Have Your Say

3rd July 2020

Over the past weeks and months, our newsletter has touched on many ideas which relate not just to needlework, but to our life and well-being in general. This week we’re sharing some of the wonderful stories and thoughtful comments we’ve received in response:

Linda Hagar

Linda responded to our article in All Stitched Up! issue #236 encouraging people to share their love of needlework by taking their stitching with them when they ventured out. She said that the article: 

‘…reminds me of when I left Melbourne and went to live in London for a couple of years. While there, I joined the London Branch of The Embroiderers’ Guild which started me off on this wonderful passion.

My family lived in Manchester and I would sometimes travel up by train. I always had a bit of something to do on the journey but on one trip home to London, I sat next to a younger lady, took out my work and started.

She gave a sigh and immediately said that she was so glad to see me stitching. She then promptly pulled out her work which she had been reluctant to do on the train.

As you can imagine, the return journey took no time at all with chatting and stitching. My only regret is that we didn’t exchange contact info.

Our stitching life is made up of such lovely encounters, isn’t it?’

It is all too common nowadays for people to spend their time in public places, eyes glued to their phones or digital devices. Yet your story is clear evidence of the serendipity that comes from taking out your stitching and opening yourself up to engage with the world. 

It reminds us of the William Butler Yeats quote: ‘There are no strangers here; only friends you haven’t yet met.’ Thankfully, stitching is one of the ways we can meet them.

Elizabeth Almond

We also received several responses in relation to our discussion of stewardship in All Stitched Up! issue #237. Elizabeth, of Blackwork Journey fame, wrote:

‘Looking after the skills that we have worked so hard for is not enough as far as I am concerned. Children rarely learn embroidery skills from grandparents and schools have extreme pressures on their time.

I think we have a responsibility to pass on our knowledge not only to the children, but to their parents.

I taught in schools and college for many years and now run a needlework website. It is a privilege to be able to pass on the knowledge that I have gained and to see the photographs of work completed, whether it is from someone new to needlework or an experienced embroiderer.

Needlework brings people together and in very difficult times it can be a lifeline. The internet and publications such as ‘Inspirations’ play a big part in uniting that community, but the role of the teachers and designers who work so hard should never be underestimated.’

Liz your skill and generosity when it comes to sharing your knowledge is immense – thank you for all you do.

Luckily, Liz is not the only one as there are many people out there like Liz who regard embroidery as a common good, to be enjoyed by as many people as possible. We learn through sharing and through sharing, we protect our skills for future generations.

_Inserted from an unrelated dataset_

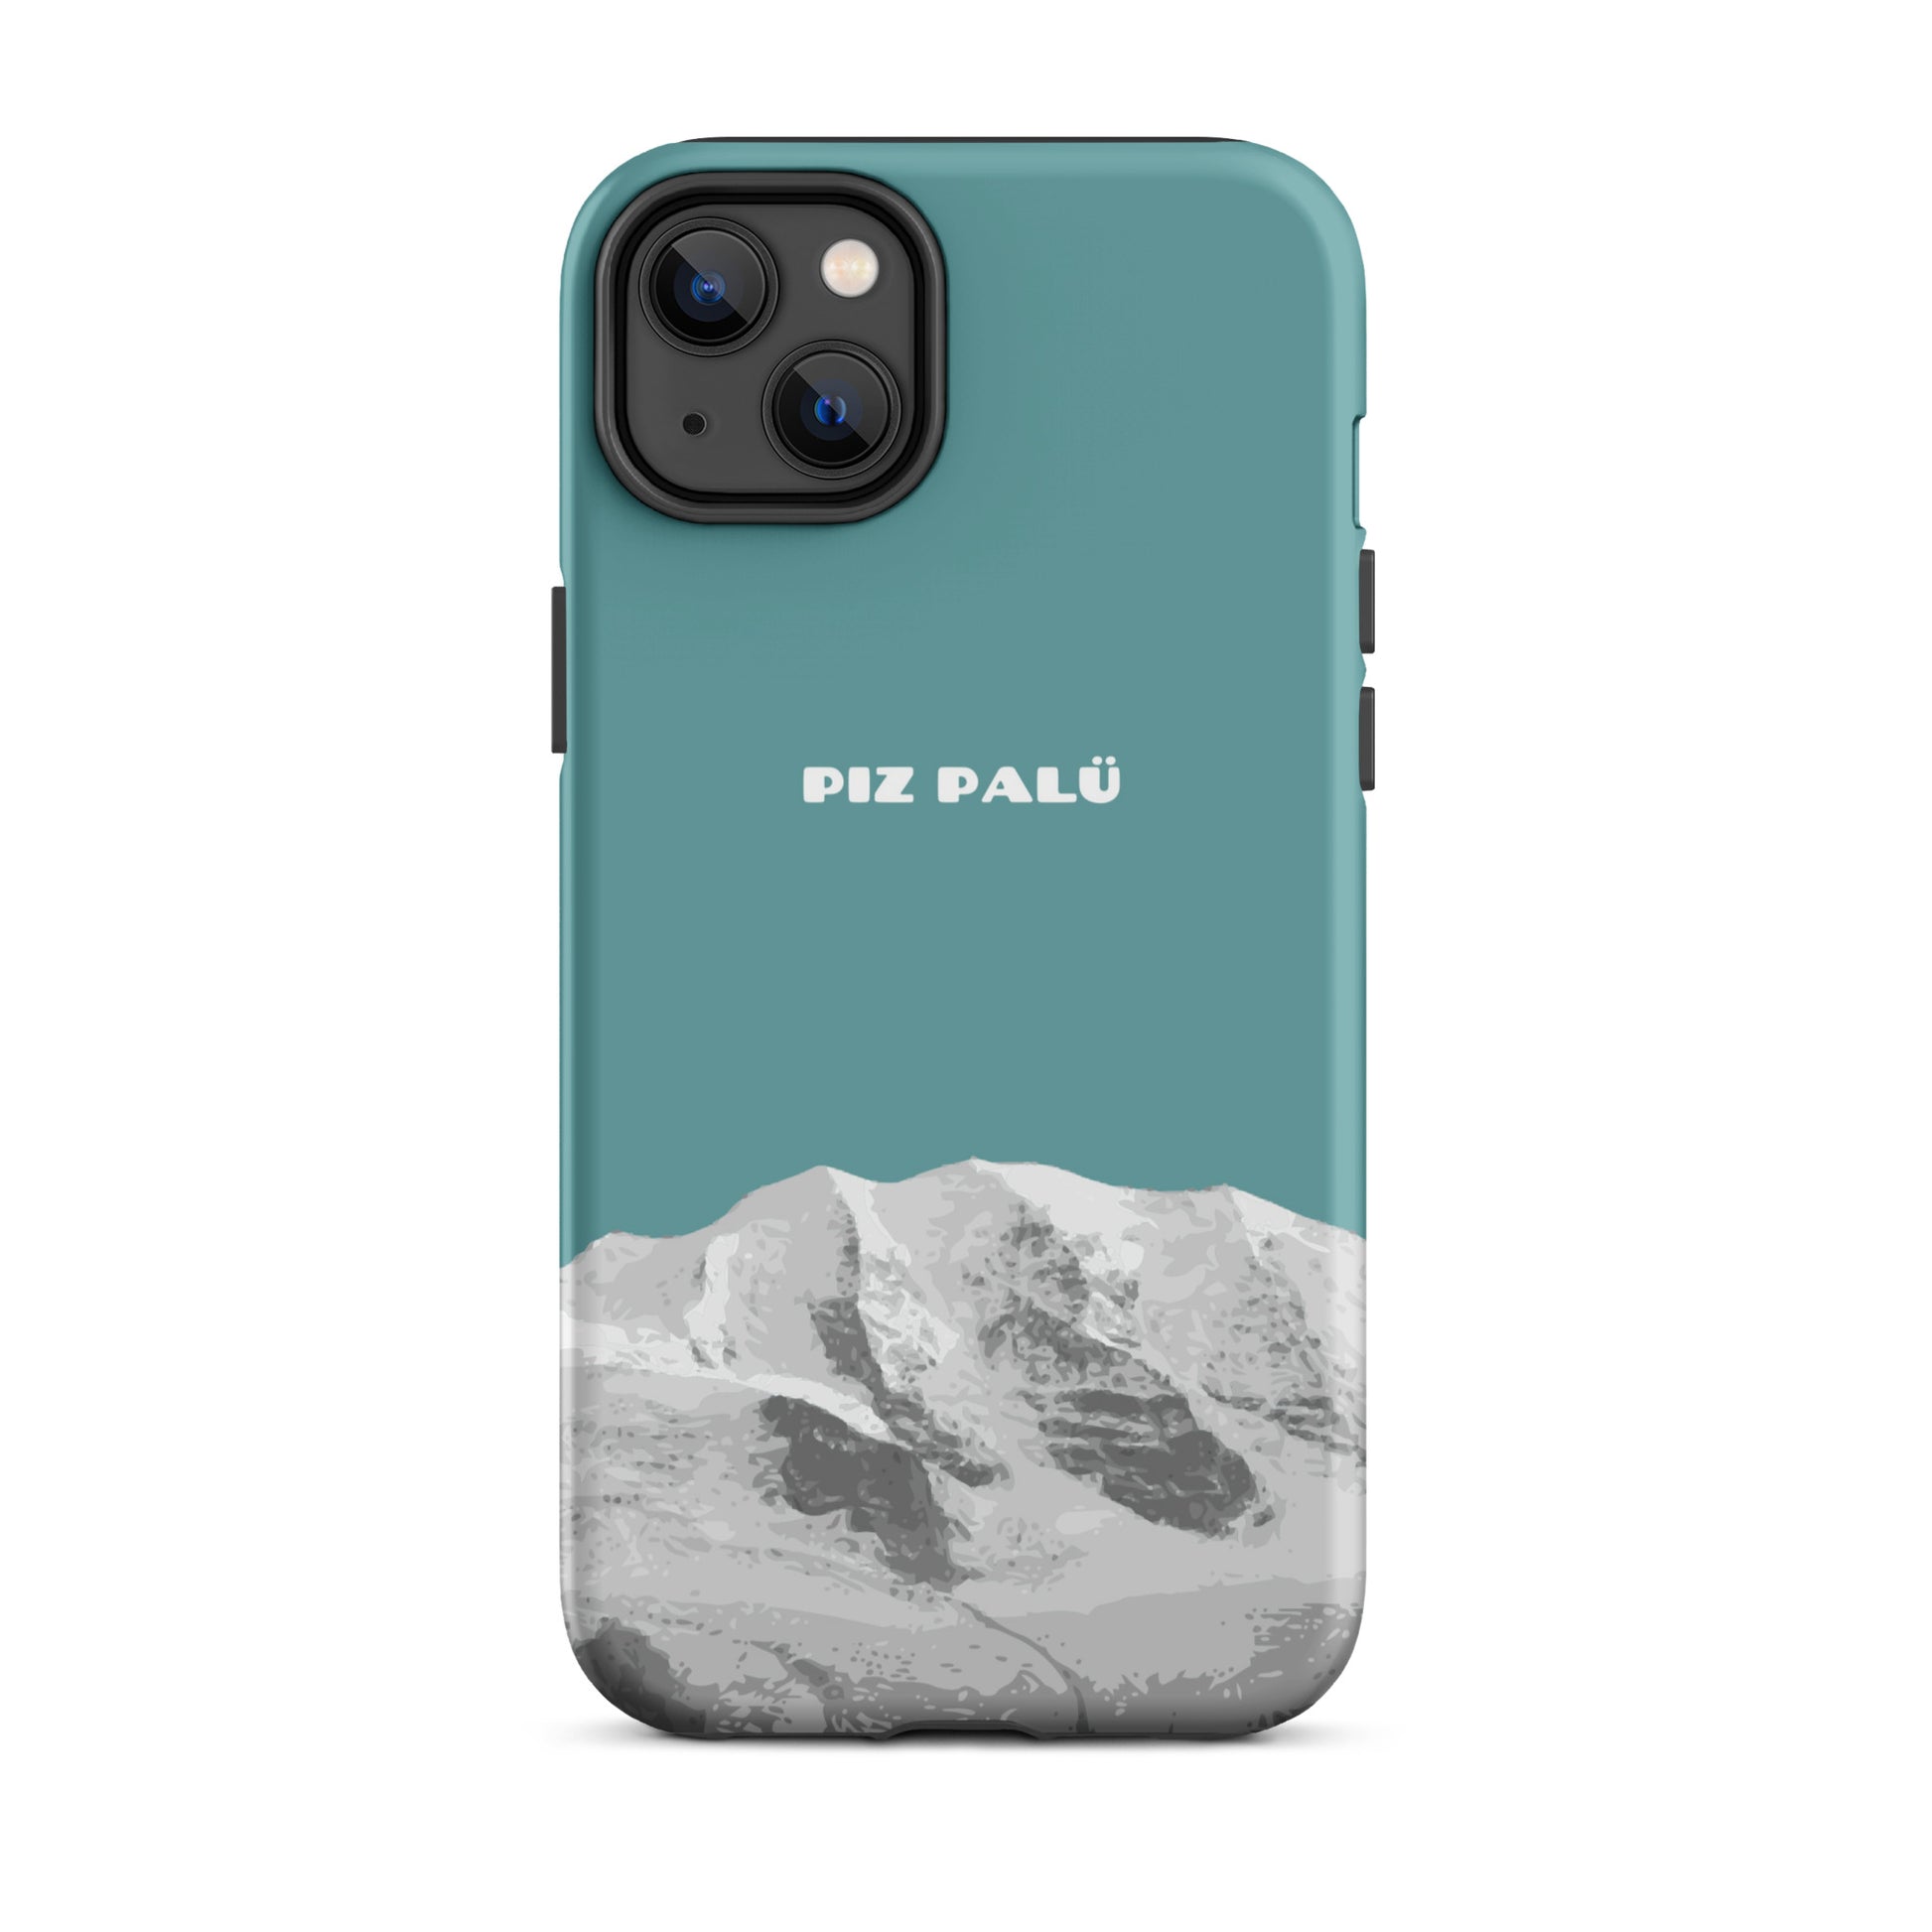 Hülle für das iPhone 14 Plus von Apple in der Farbe Kadettenblau, dass den Piz Palü in Graubünden zeigt.

Anna Scott teaching at the Beating Around the Bush needlework convention

Mendie Cannon

‘I steward my love of needle and thread by teaching classes whenever and wherever I can. I teach Brazilian Embroidery as well as having a small shop in my home so I can provide my students with the supplies they need.

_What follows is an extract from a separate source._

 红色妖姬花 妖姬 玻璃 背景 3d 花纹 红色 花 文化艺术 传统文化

One further thing I would like to do stems from a longstanding dream of mine. I’d love to open a museum dedicated to the hand needle arts of the 20th and 21st centuries and beyond.

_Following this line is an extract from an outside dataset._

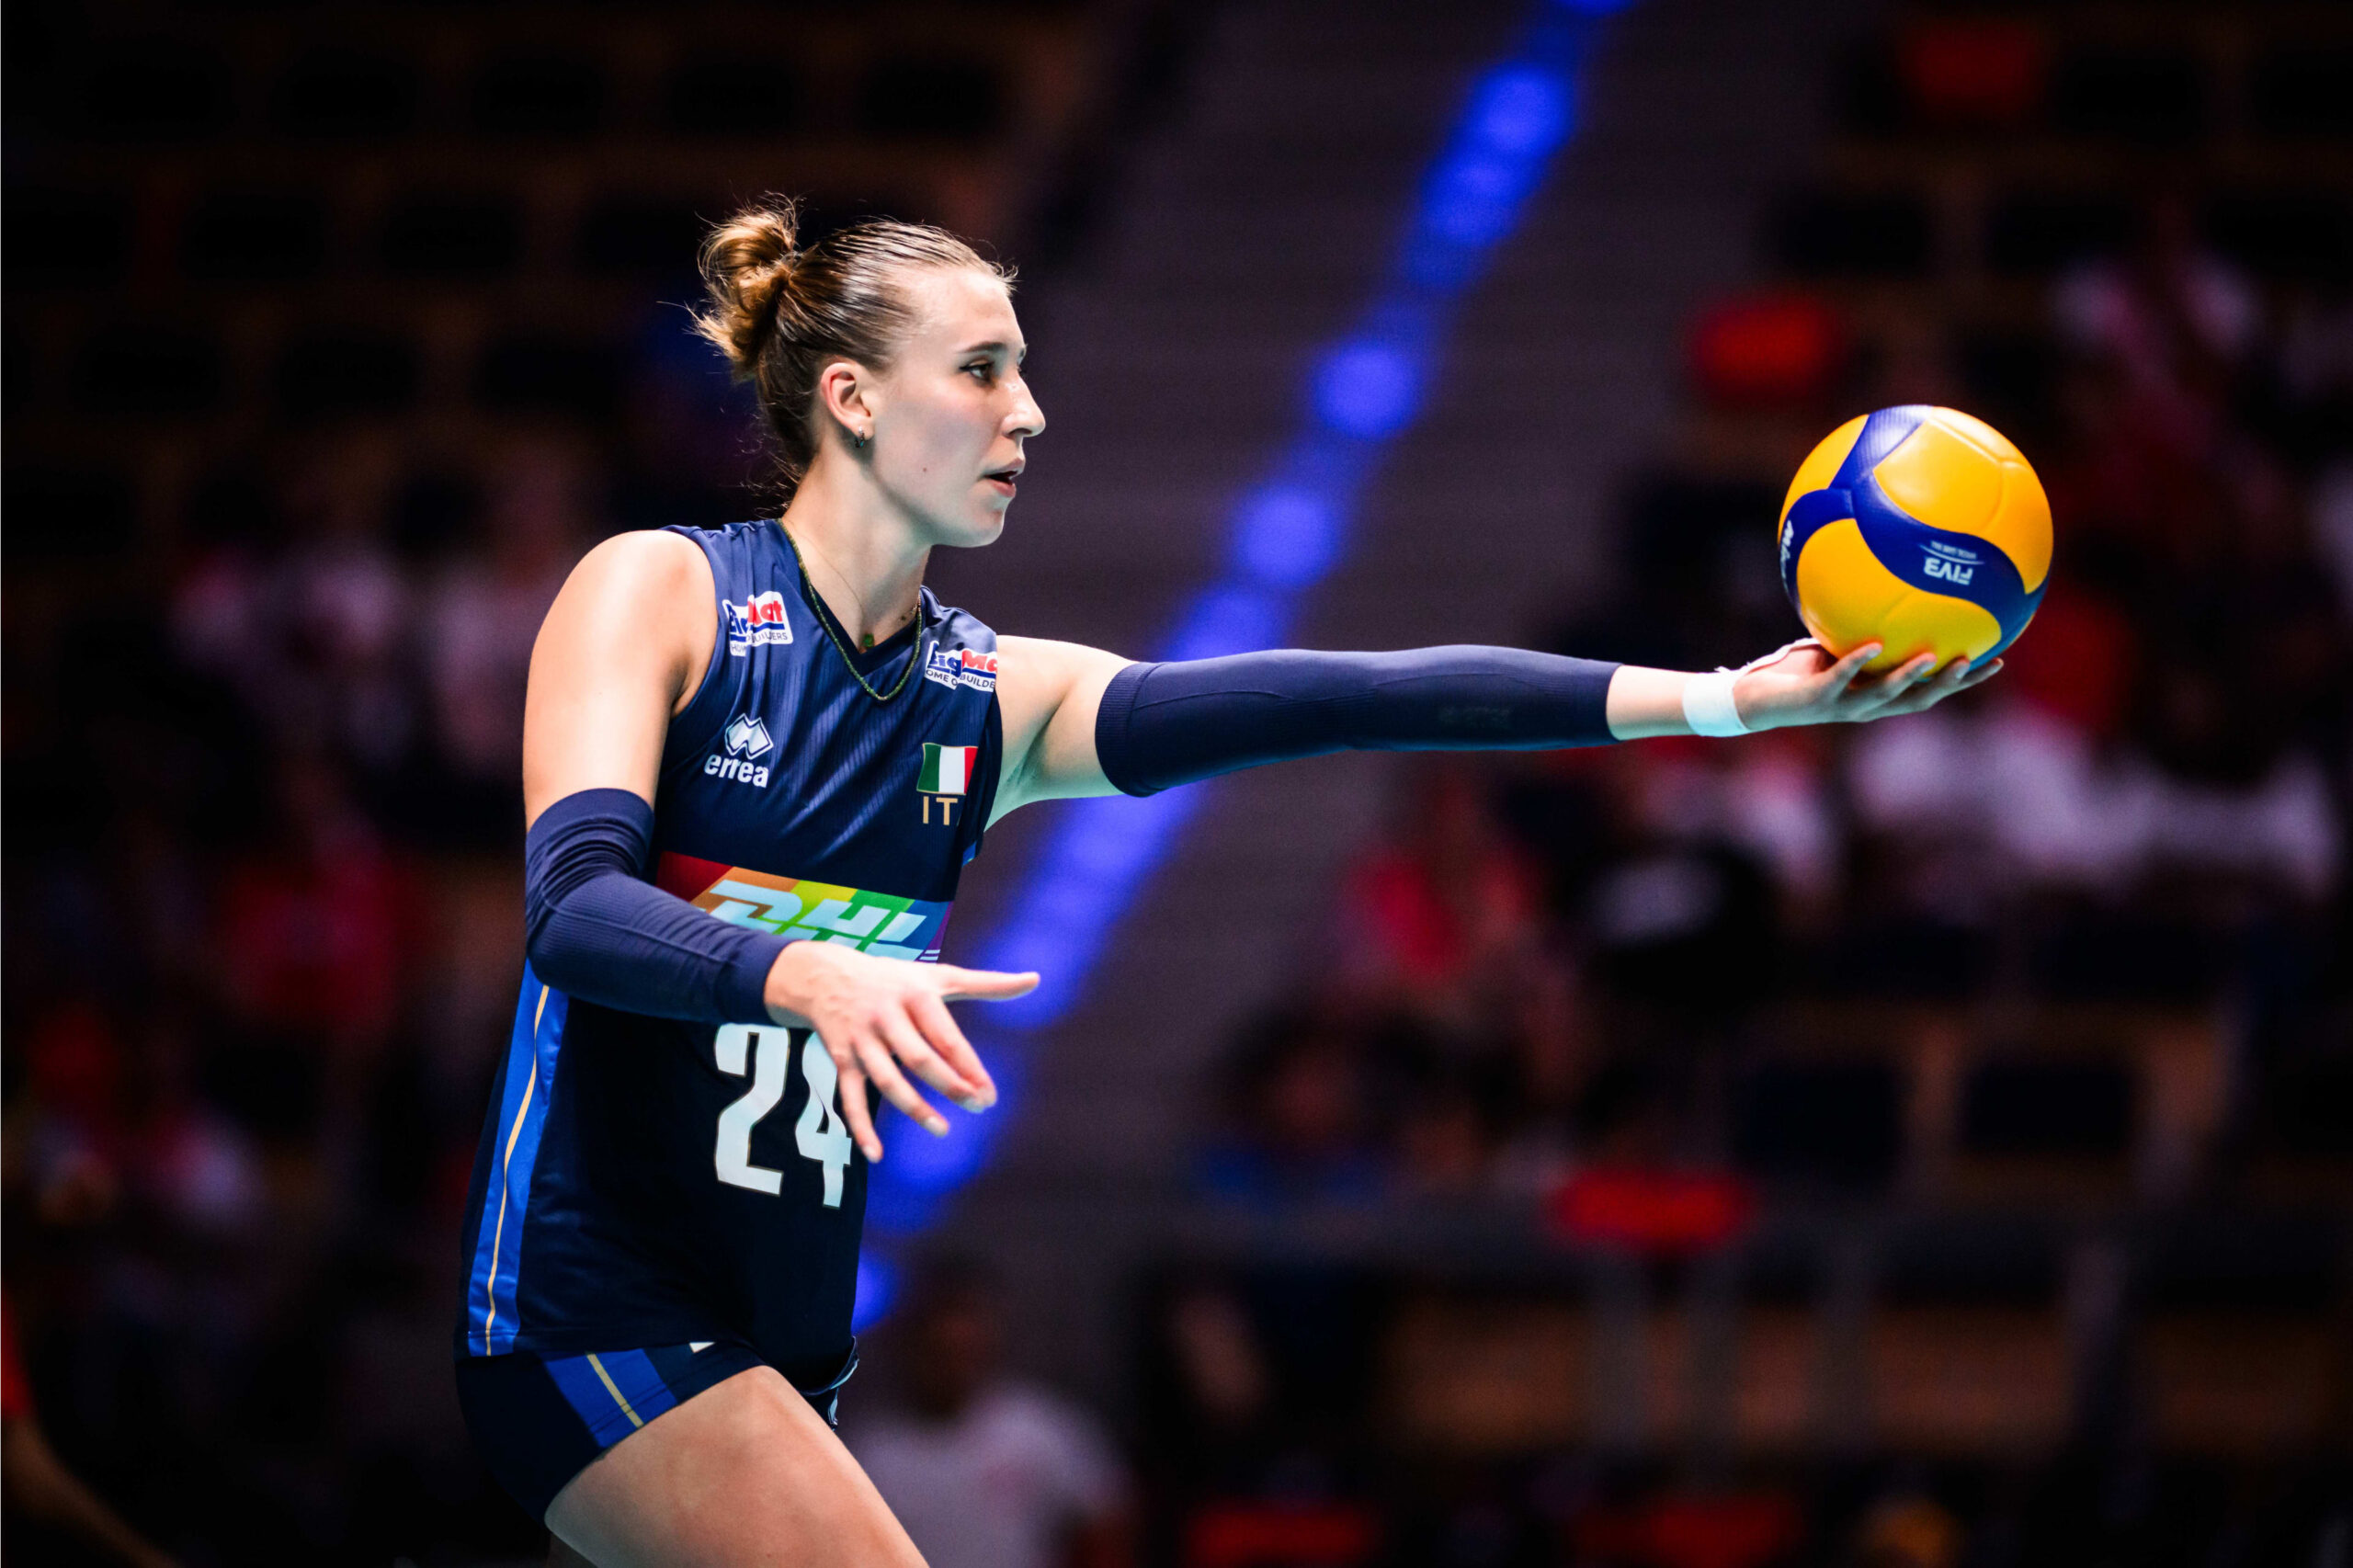 Pagelle Italia USA 1 3 volley femminile: serataccia per Pietrini, piace Villani, Danesi anonima

I tell everyone about this dream in the hope someone will know someone who can help on the financial front! The thought of our needle art ending up in charity stores or thrift shops breaks my heart. I would love to tell people to send me whatever is not wanted so I can put it on display. Perhaps one day…’

Yours is a wonderful dream Mendie, and one we have heard frequently. There is nothing so sad as seeing a piece of embroidery, stacked in a second-hand shop with a price tag on it so low it hurts. The hours of love and care which went into the piece, not to mention the pride in its completion, are lost in the undervalued price. 

If only there were a way to protect that small act of creation and the human effort which went into it. We might not be able build an enormous museum and archive, but what we can do is protect the love, the care and the pride by ensuring it continues for generations to come.

Thank you for all your responses as always. We love hearing from you. It is thanks to all of you that we can gather together and continue to share our passion. Every single one of you is part of the process, each time you thread that needle.